簡體   English   中英

使用 Pickle 加載保存的 model - 在加載的程序中完成 fit_transform 時出現錯誤

[英]Loading saved model using Pickle - getting error as fit_transform is done in loaded program

我創建了第一個程序來訓練算法並保存它。

程序 1

import numpy as np
from sklearn.model_selection import StratifiedShuffleSplit 
from sklearn.impute import SimpleImputer  
from sklearn.tree import DecisionTreeRegressor # import for Decision Tree Algorithm
import pickle
from sklearn.preprocessing import StandardScaler

SourceData=pd.read_excel("ASML Stock Predict.xlsx") # Load the data into Pandas DataFrame
SourceData["Nasdaq Category"]=pd.cut(SourceData["Adj Close Nasdaq 100"],
                                     bins=[0., 4500, 5500, 6500, 7500,8500, 9500, 10500, np.inf],
                                     labels=[1, 2, 3, 4,5,6,7,8])

""" Split the data source into test and train subset """
split = StratifiedShuffleSplit(n_splits=1, test_size=0.01, random_state=42)
for train_index, test_index in split.split(SourceData, SourceData["Nasdaq Category"]):
    strat_train_set = SourceData.loc[train_index]  # stratfied train dataset with all columns in original source data 
    strat_test_set = SourceData.loc[test_index] #stratified test dataset with all columns in original source data

""" Drop the new Nasdaq Category Cloumn from the data source after the train and test subset is prepared"""
for set_ in (strat_train_set, strat_test_set): 
    set_.drop("Nasdaq Category", axis=1, inplace=True)
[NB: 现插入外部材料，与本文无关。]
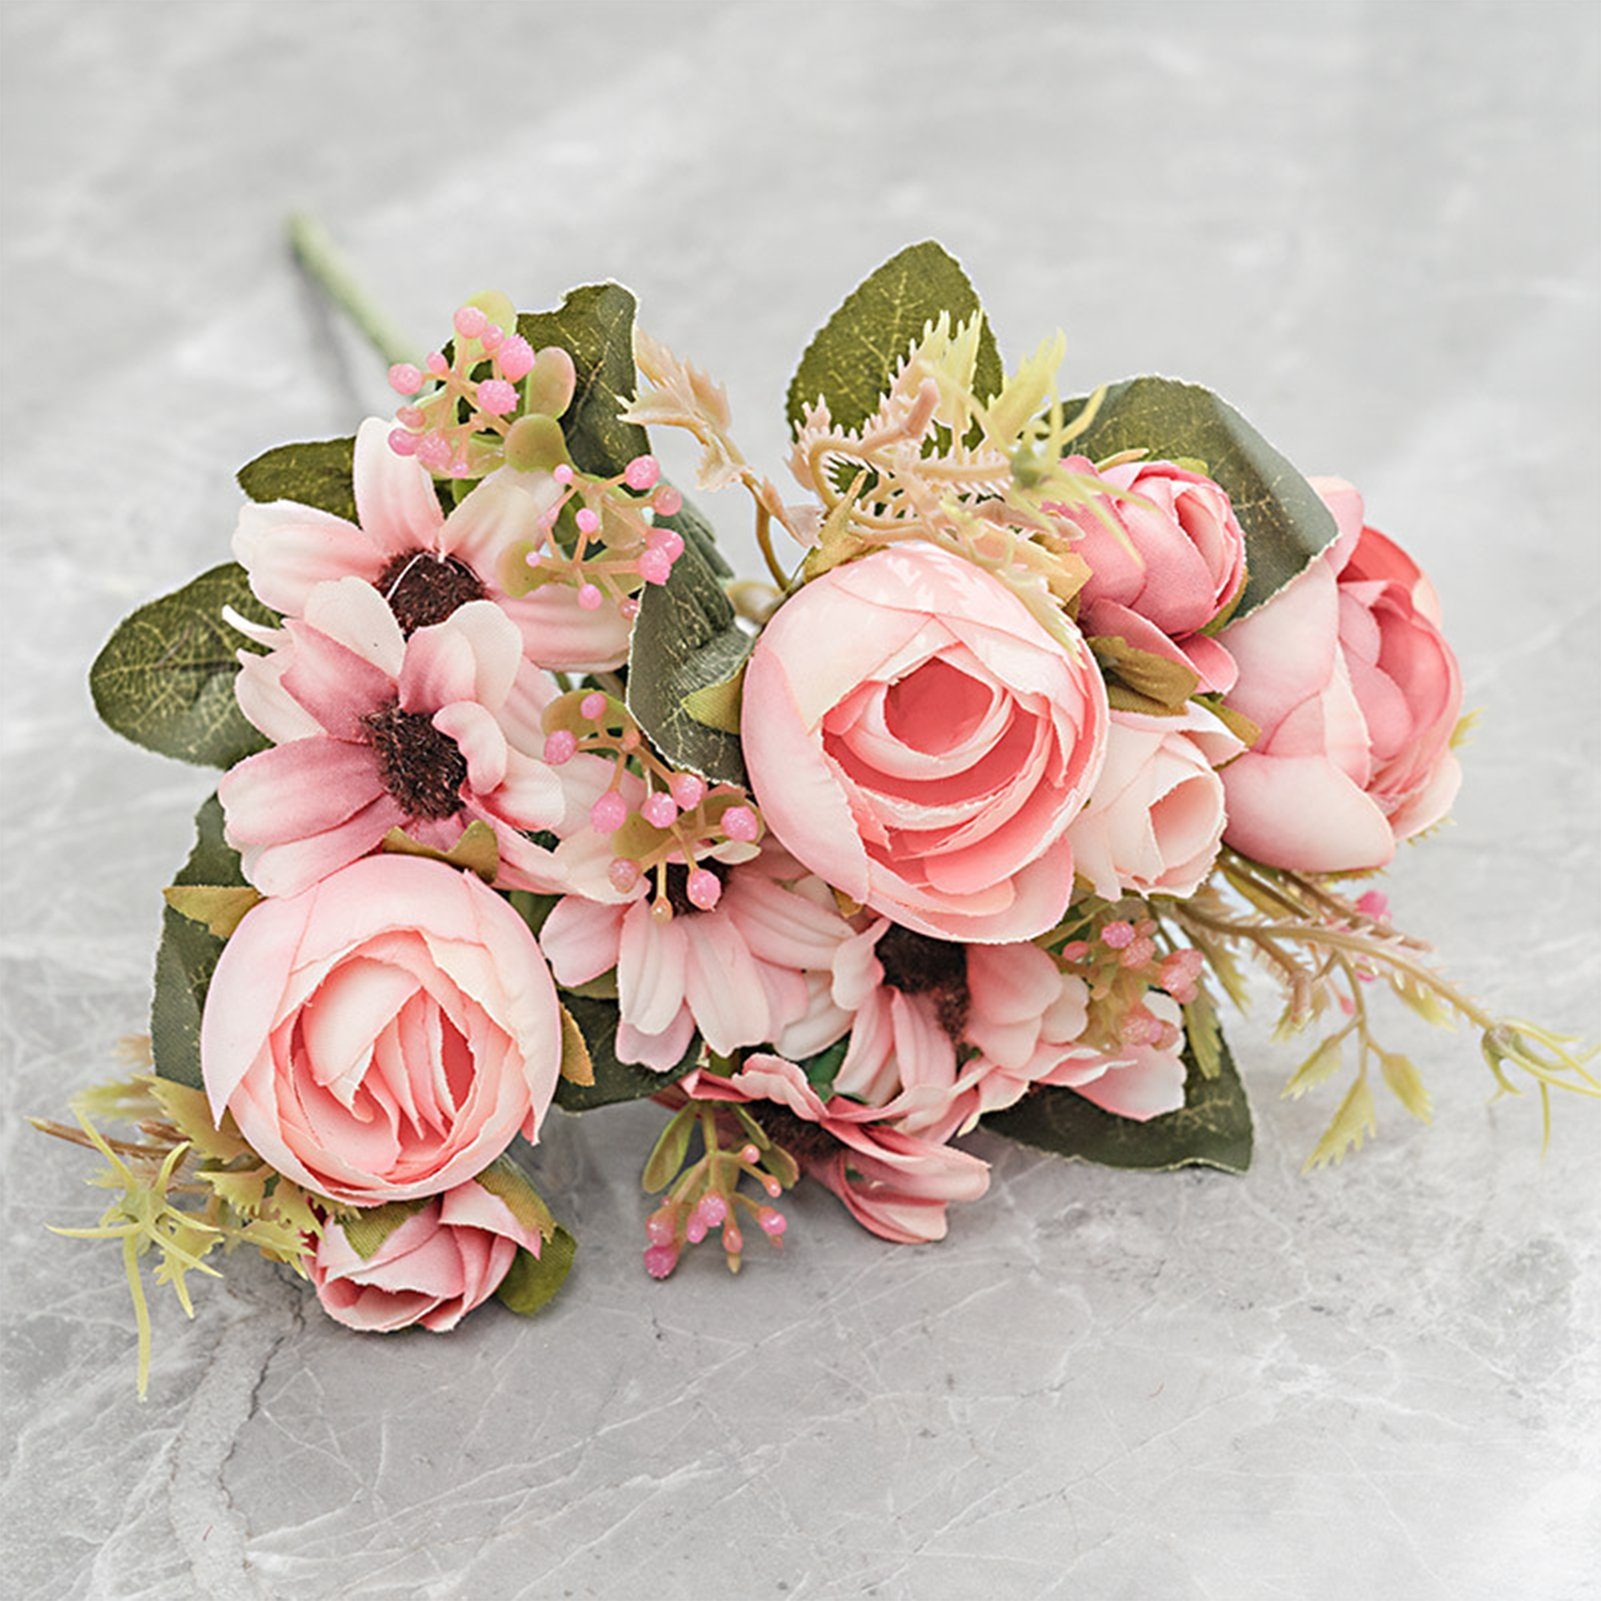 Kunstblumenstrauß Künstlicher Blumenstrauß, Seidenblumen Mit Stielen, Modischer, Blusmart, Kunstblumenstrauß Rosa

DataSource_train_independent= strat_train_set.drop(["Date", "Adj Close ASML"], axis=1) # Drop depedent variable from training dataset
DataSource_train_dependent=strat_train_set["Adj Close ASML"].copy() #  New dataframe with only independent variable value for training dataset



imputer = SimpleImputer(strategy="median") # declated imputer to fill the blank values with Median value of the variable
imputer.fit(DataSource_train_independent) # calulate the median for different independent variables

""" Scale the independent variables training set. No need to scale the dependent variable """
sc_X = StandardScaler()
X=sc_X.fit_transform(DataSource_train_independent.values) # scale the independent variables
X_test=sc_X.transform(testdata.values) # scale the independent variables for test data
##sc_y = StandardScaler()
y=DataSource_train_dependent # scaling is not required for dependent variable


"""Decision Tree Regressor """

tree_reg = DecisionTreeRegressor()
tree_reg.fit(X,y)

filename = 'DecisionTree_TrainedModel.sav'
pickle.dump(tree_reg, open(filename, 'wb'))

節目二

from sklearn.tree import DecisionTreeRegressor # import for Decision Tree Algorithm
from sklearn.preprocessing import StandardScaler
from sklearn.tree import DecisionTreeRegressor # import for Decision Tree Algorithm
import pandas as pd

testdata=pd.read_excel("ASML Test  Stock Predict.xlsx") # Load the test data

sc_X = StandardScaler()
X_test=sc_X.transform(testdata.values) # scale the independent variables for test data



loaded_model = pickle.load(open('DecisionTree_TrainedModel.sav', 'rb'))
decision_predictions = loaded_model.predict(X_test) # Predict the value of dependent variable
print("The prediction by Decision Treemodel is " , decision_predictions )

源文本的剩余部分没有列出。